Stored dataset items

• • •

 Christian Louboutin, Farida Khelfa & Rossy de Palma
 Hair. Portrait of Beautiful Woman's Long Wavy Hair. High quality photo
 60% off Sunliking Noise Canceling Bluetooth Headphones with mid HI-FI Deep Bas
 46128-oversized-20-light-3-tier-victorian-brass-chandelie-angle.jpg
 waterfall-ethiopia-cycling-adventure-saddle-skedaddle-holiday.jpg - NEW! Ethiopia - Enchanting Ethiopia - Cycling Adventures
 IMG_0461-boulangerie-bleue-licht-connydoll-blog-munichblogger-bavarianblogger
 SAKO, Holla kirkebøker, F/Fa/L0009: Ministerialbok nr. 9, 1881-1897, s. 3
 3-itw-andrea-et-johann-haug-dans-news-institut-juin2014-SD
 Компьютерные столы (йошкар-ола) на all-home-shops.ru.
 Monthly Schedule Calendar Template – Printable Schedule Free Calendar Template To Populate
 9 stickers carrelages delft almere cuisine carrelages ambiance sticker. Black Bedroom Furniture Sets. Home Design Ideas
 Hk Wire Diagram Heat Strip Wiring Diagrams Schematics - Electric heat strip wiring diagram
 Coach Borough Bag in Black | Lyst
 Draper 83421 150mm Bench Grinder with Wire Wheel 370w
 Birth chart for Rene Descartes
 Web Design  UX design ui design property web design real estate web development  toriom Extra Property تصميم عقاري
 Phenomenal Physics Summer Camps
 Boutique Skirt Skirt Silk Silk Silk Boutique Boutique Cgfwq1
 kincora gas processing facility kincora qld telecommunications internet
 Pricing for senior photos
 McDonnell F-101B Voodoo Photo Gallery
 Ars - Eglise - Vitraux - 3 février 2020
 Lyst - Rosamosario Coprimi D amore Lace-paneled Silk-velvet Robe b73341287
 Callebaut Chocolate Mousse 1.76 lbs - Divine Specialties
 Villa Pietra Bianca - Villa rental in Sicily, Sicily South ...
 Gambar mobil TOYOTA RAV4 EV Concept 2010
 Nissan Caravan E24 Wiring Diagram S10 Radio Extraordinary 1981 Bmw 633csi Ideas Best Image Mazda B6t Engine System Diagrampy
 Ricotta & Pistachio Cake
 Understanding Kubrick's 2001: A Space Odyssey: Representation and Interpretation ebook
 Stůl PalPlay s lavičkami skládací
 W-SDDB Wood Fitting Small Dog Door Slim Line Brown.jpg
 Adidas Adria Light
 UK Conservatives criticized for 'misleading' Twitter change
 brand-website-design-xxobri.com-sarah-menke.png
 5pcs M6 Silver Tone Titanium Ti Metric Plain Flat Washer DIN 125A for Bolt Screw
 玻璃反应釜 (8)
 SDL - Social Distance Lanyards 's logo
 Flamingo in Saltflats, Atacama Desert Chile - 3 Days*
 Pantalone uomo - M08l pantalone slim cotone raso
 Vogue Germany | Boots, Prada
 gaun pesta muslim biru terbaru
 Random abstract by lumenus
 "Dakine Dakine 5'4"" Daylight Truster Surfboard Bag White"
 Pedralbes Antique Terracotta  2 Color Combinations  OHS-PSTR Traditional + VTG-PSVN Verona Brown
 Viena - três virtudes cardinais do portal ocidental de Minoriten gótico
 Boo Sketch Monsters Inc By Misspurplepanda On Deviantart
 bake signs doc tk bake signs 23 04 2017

• • •

◆ Task item
The answer should be all lines from the entries above that hold the word "Diagram".

◆ Answer for the task
 Hk Wire Diagram Heat Strip Wiring Diagrams Schematics - Electric heat strip wiring diagram
 Nissan Caravan E24 Wiring Diagram S10 Radio Extraordinary 1981 Bmw 633csi Ideas Best Image Mazda B6t Engine System Diagrampy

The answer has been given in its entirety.